The 16-episode KBS series that’s grabbed over 2 billion views in China will reportedly be made into a version with Chinese actors speaking Chinese. Ethnic Chinese news outlet Yibaba said in an April 9 story that the drama distributor has found a partner in China who can help reproduce the mega-hit romantic tale of a South Korean special forces captain and a woman doctor assigned to a peacekeeping mission in a fictitious country.
It isn’t known if a Chinese version will be an copy of the original with an identical plot and Chinese actors playing the current Korean characters.
NEW, Descendants’ production firm, also is considering making a movie version of the drama whose episode 14 broadcast earned a 40.4% viewership rating in Korea on Thursday night.
The show’s current version is being simultaneously aired in Korea and China. It’s being broadcast in China over video-streaming website iQiyi. Descendants will soon be shown in Japan and a host of other countries.
“We have been receiving a lot of questions regarding remakes and optional publication rights, so it is true that we have been negotiating with several companies,” a representative of NEW told MBN Star on Thursday.
The representative is also quoted as saying that the company is keeping all options open. This means the result could be a movie or another drama.
These are some of the latest developments in a hugely successful TV drama that promises to be one of the most successful trans-cultural Asian entertainment productions of all time.
The drama, moreover, is drawing the attention of Asian governments and political leaders. South Korean President Park Geun-hye and Thai PM Prayut Chan-o-cha have both praised the series, while China’s government has warned Chinese viewers against over-watching the drama.
Descendants of the Sun’s popularity partly reflects a psychological and geopolitical shift for Asian audiences. Besides its appeal as a love story set against the backdrop of a dangerous and faraway land, it depicts heroic Asian soldiers in sharp military uniforms engaged in humanitarian peacekeeping operations in a mythical European country. (The drama was shot in Greece.) It contrasts with Hollywood films that traditionally depict Caucasian troops such as US Green Berets saving helpless Asian people in regional military conflicts.
To this extent, the drama reflects the fact that military units from Asian nations, including China, now play pivotal roles in peacekeeping operations worldwide.
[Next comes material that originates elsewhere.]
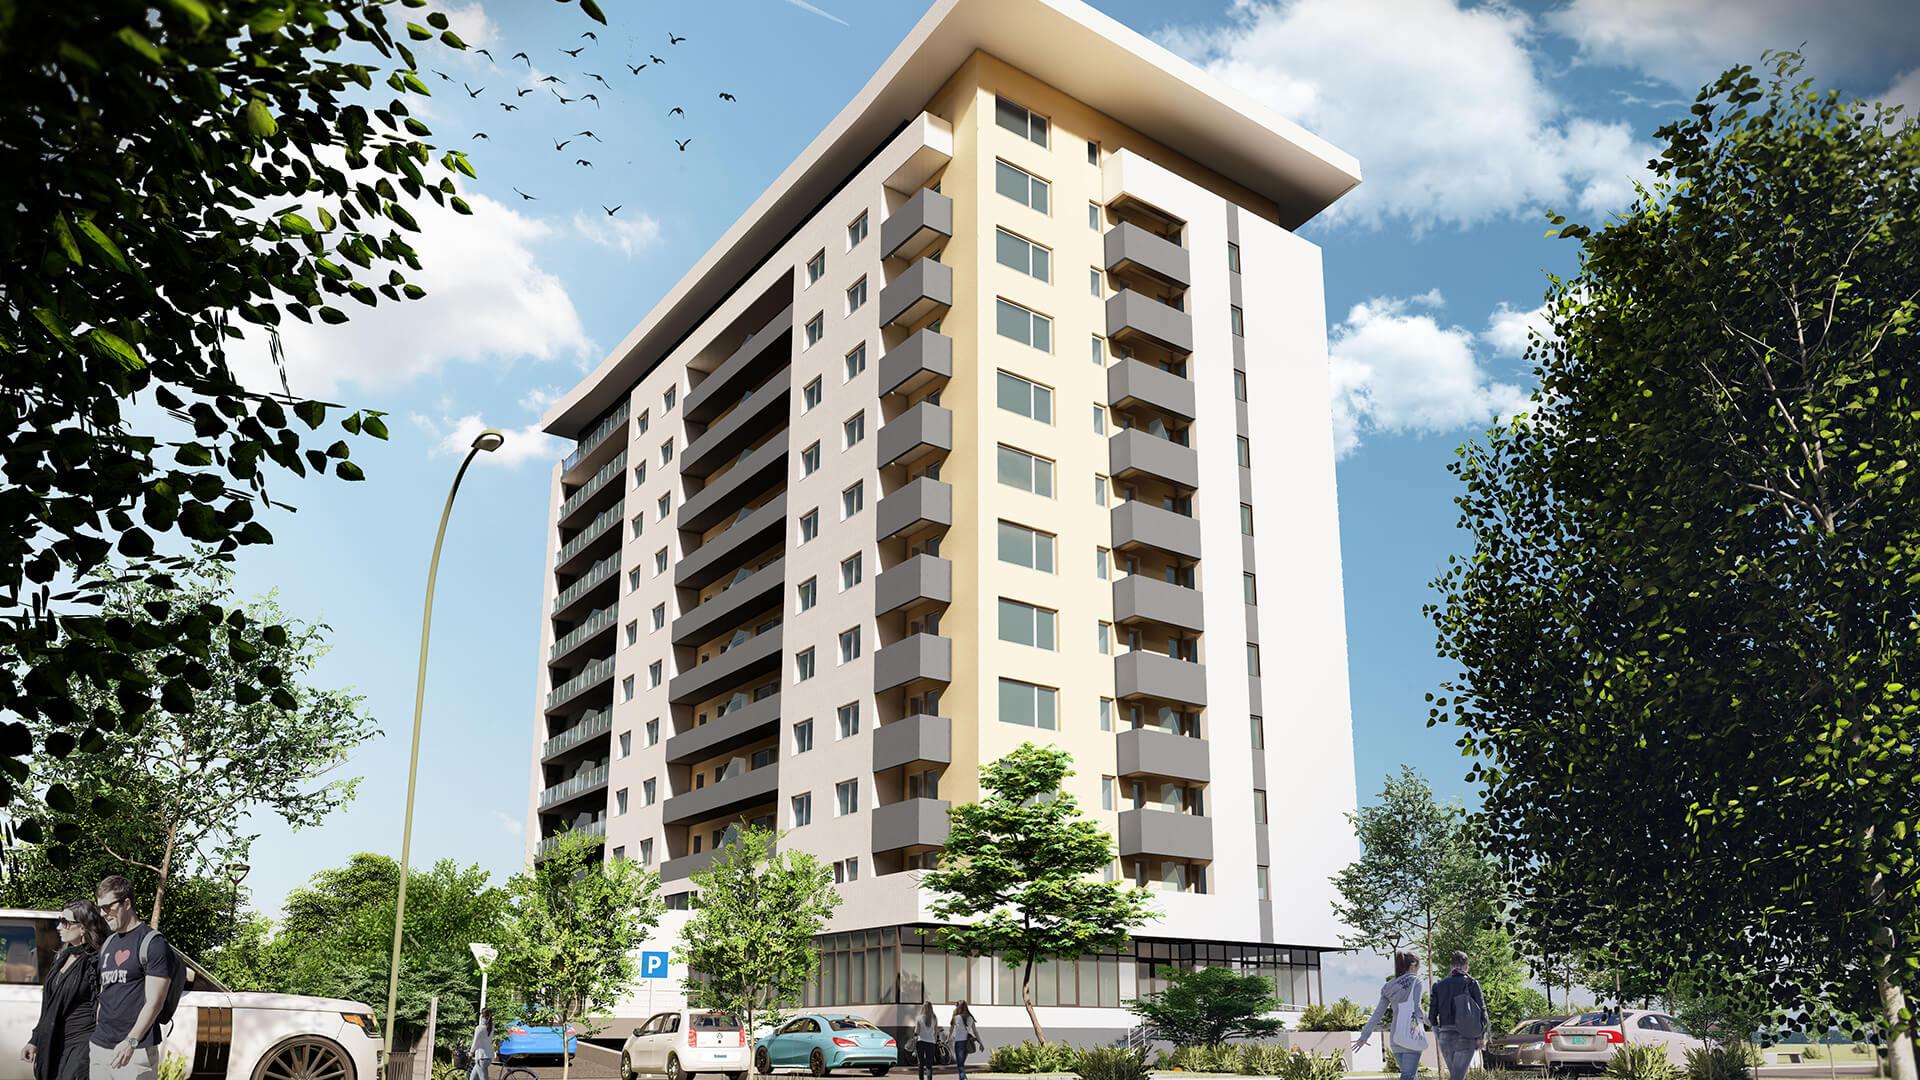 apartamente_noi_iasi_galata-nicolina_dezvoltator_cu_experienta_01

As of December 2014, there were 1,053 personnel under 4 units of the South Korean Armed Forces, and 41 observers, staff and coordination officers deployed in 14 different countries in various operations. China is the UN Security Council’s biggest single contributor to peacekeeping operations. Pakistani and Bangladeshi troops serve in many UN operations.
South Korea’s special forces are also getting a huge image lift from Descendants. The phenomenon proves that time heals all wounds. South Korea’s hard-line Chun Doo-hwan regime dispatched “special forces” paratroopers in May 1980 to brutally put down the Kwangju Uprising in which hundreds were killed.